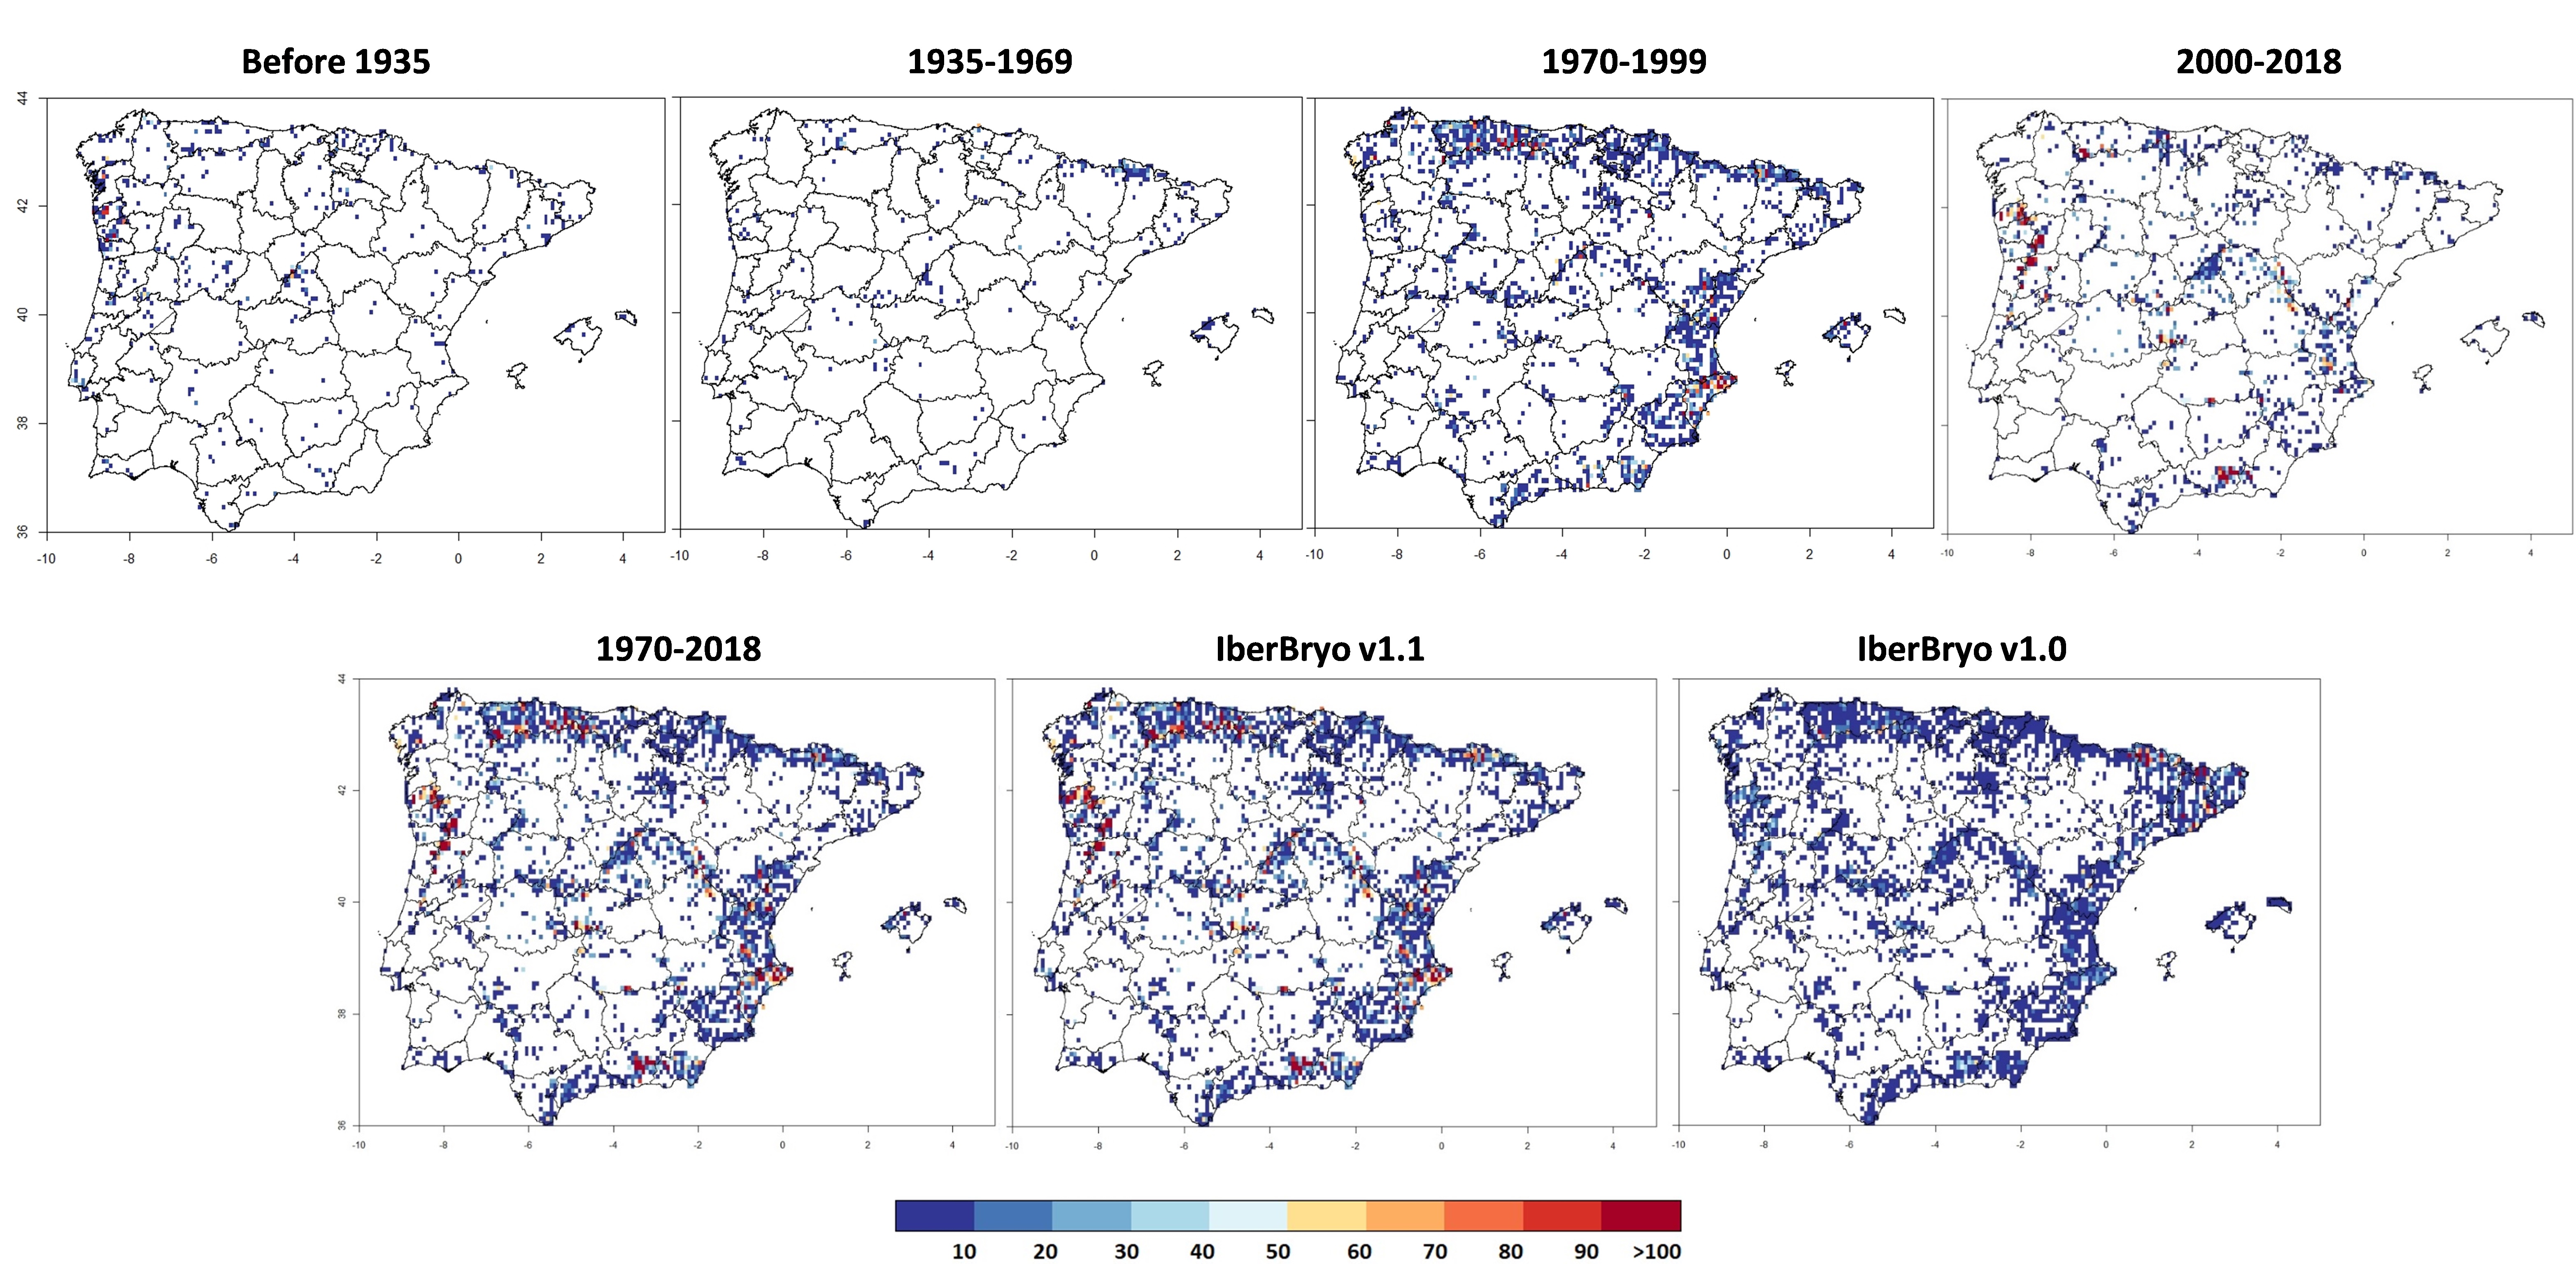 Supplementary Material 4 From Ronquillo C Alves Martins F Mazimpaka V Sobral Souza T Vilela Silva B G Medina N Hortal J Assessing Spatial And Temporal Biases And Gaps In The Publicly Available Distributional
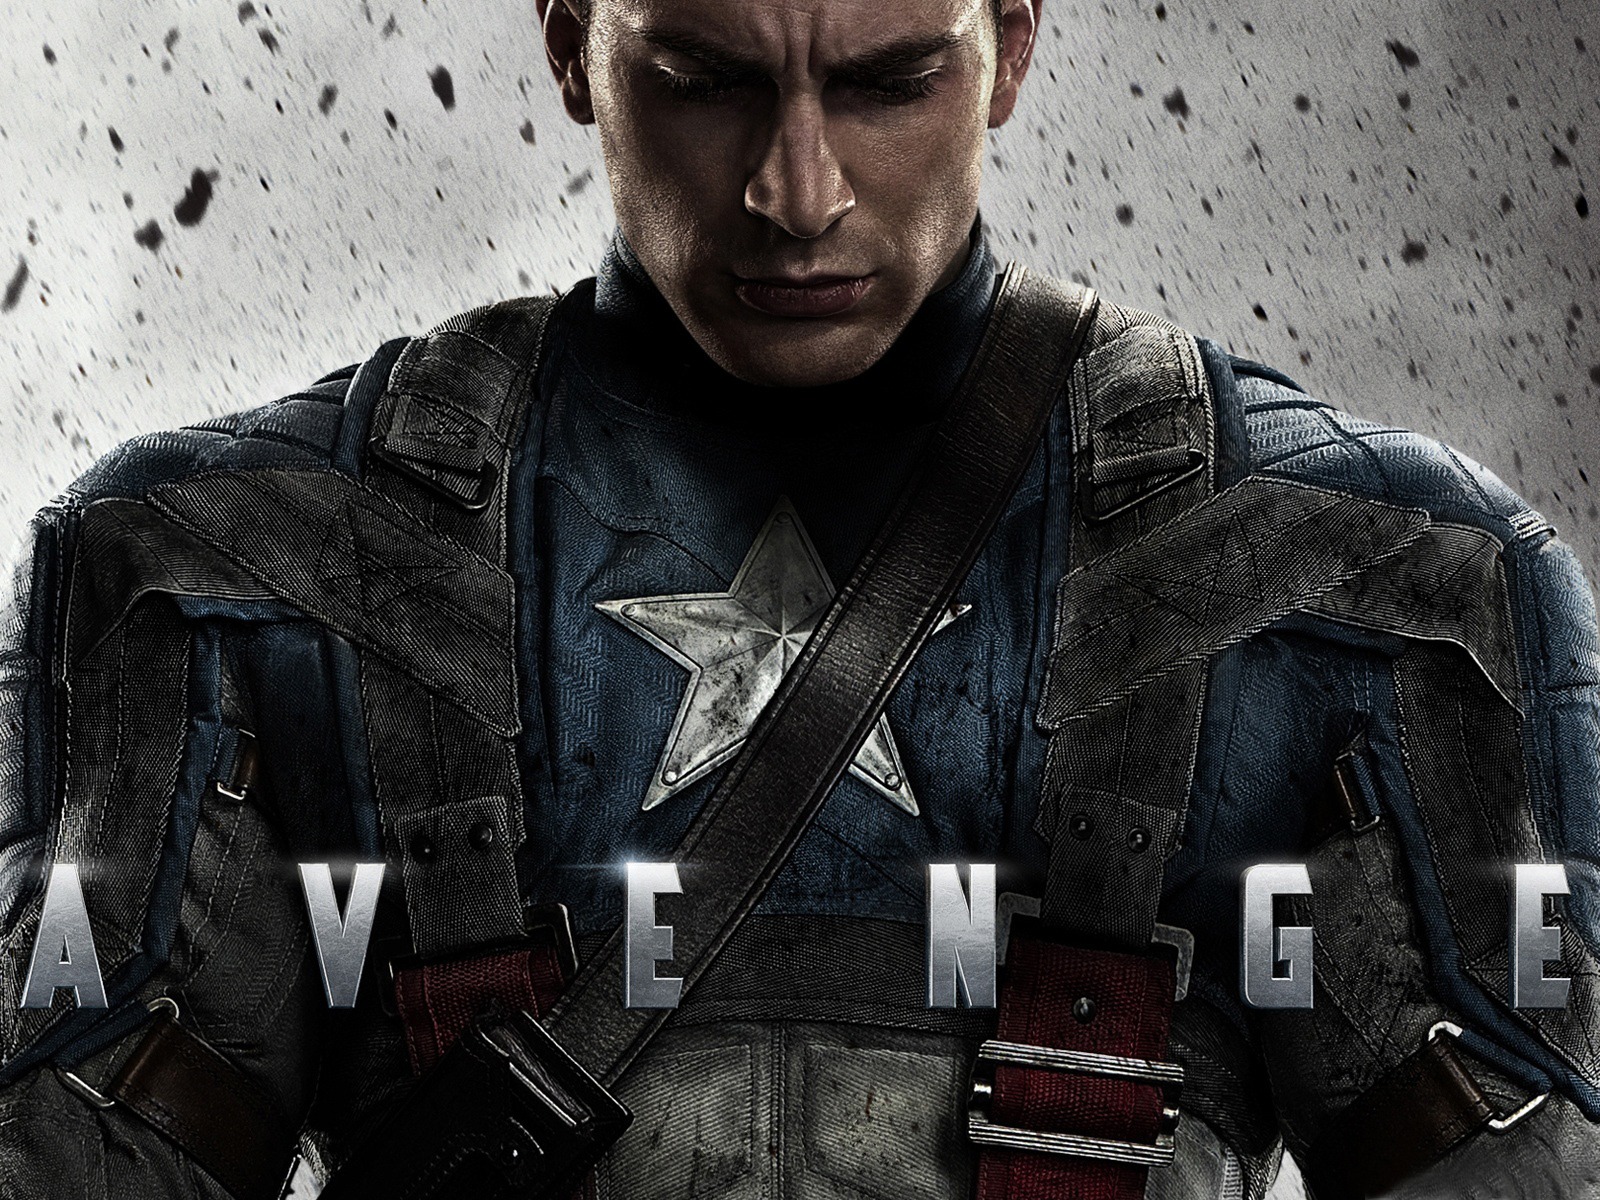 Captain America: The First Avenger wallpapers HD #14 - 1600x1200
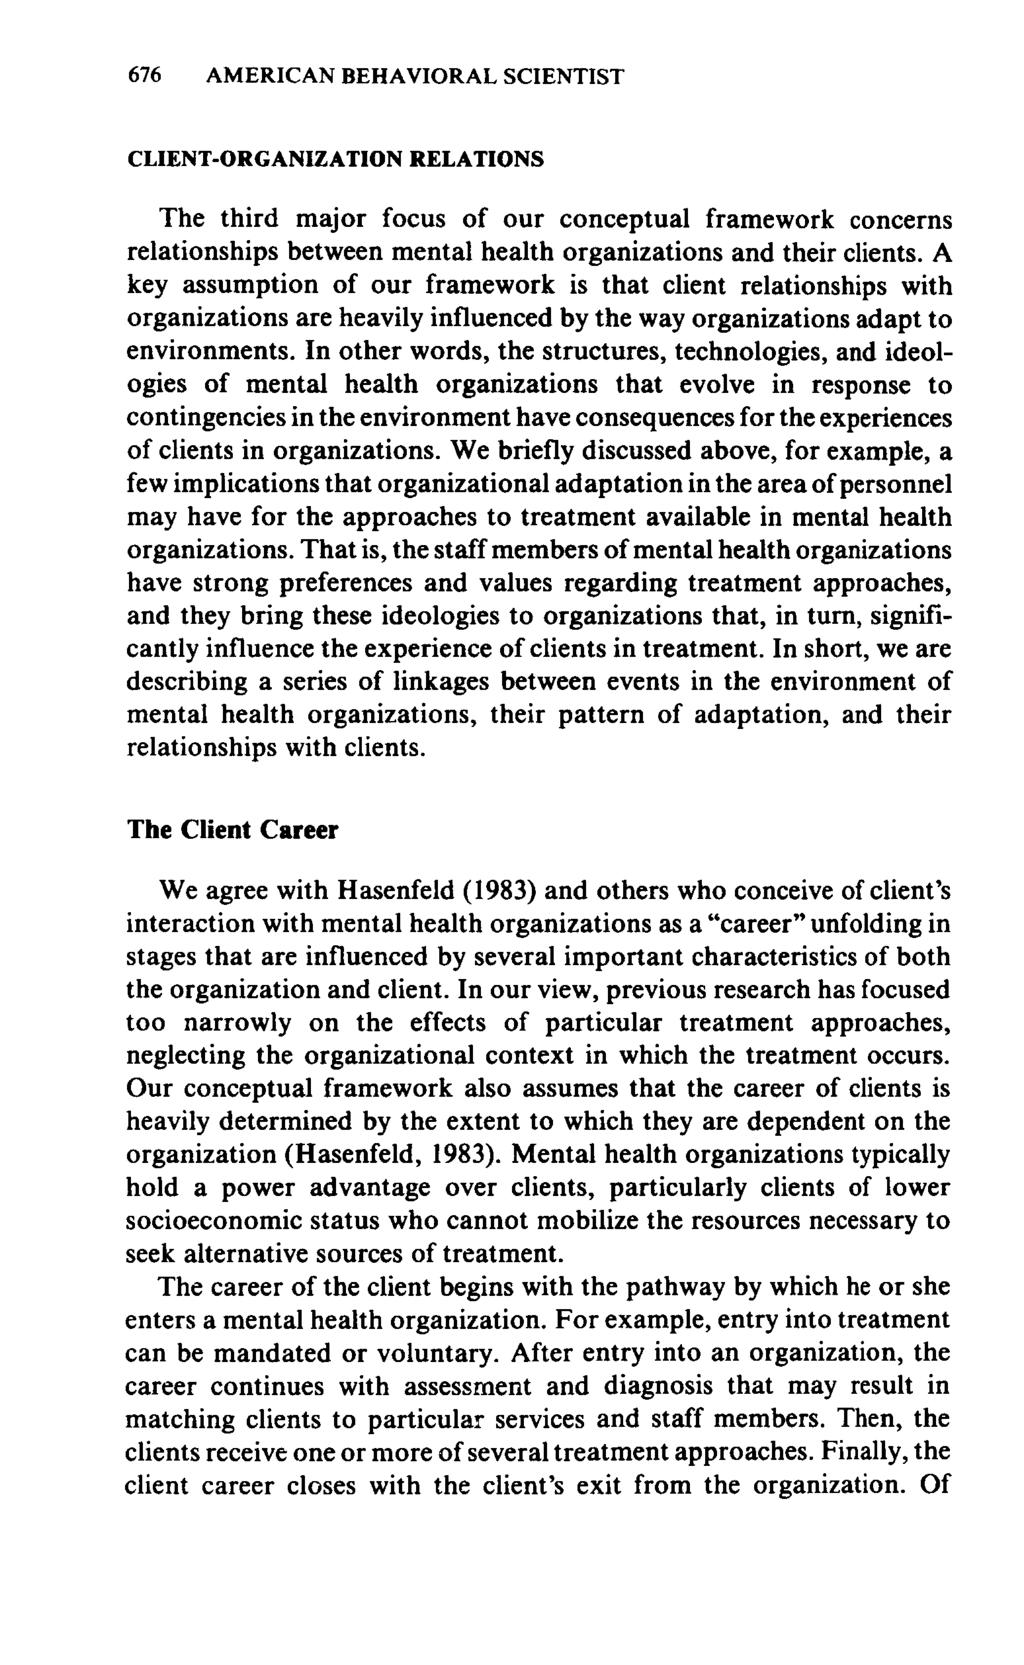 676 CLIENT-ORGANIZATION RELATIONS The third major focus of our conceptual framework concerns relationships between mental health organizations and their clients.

> WHAT YOU ARE ASKED TO DO
Through to the final line, copy the material above exactly and skip the images.

> ANSWER SPACE
 Supplementary Material 4 From Ronquillo C Alves Martins F Mazimpaka V Sobral Souza T Vilela Silva B G Medina N Hortal J Assessing Spatial And Temporal Biases And Gaps In The Publicly Available Distributional
 Captain America: The First Avenger wallpapers HD #14 - 1600x1200
 676 CLIENT-ORGANIZATION RELATIONS The third major focus of our conceptual framework concerns relationships between mental health organizations and their clients.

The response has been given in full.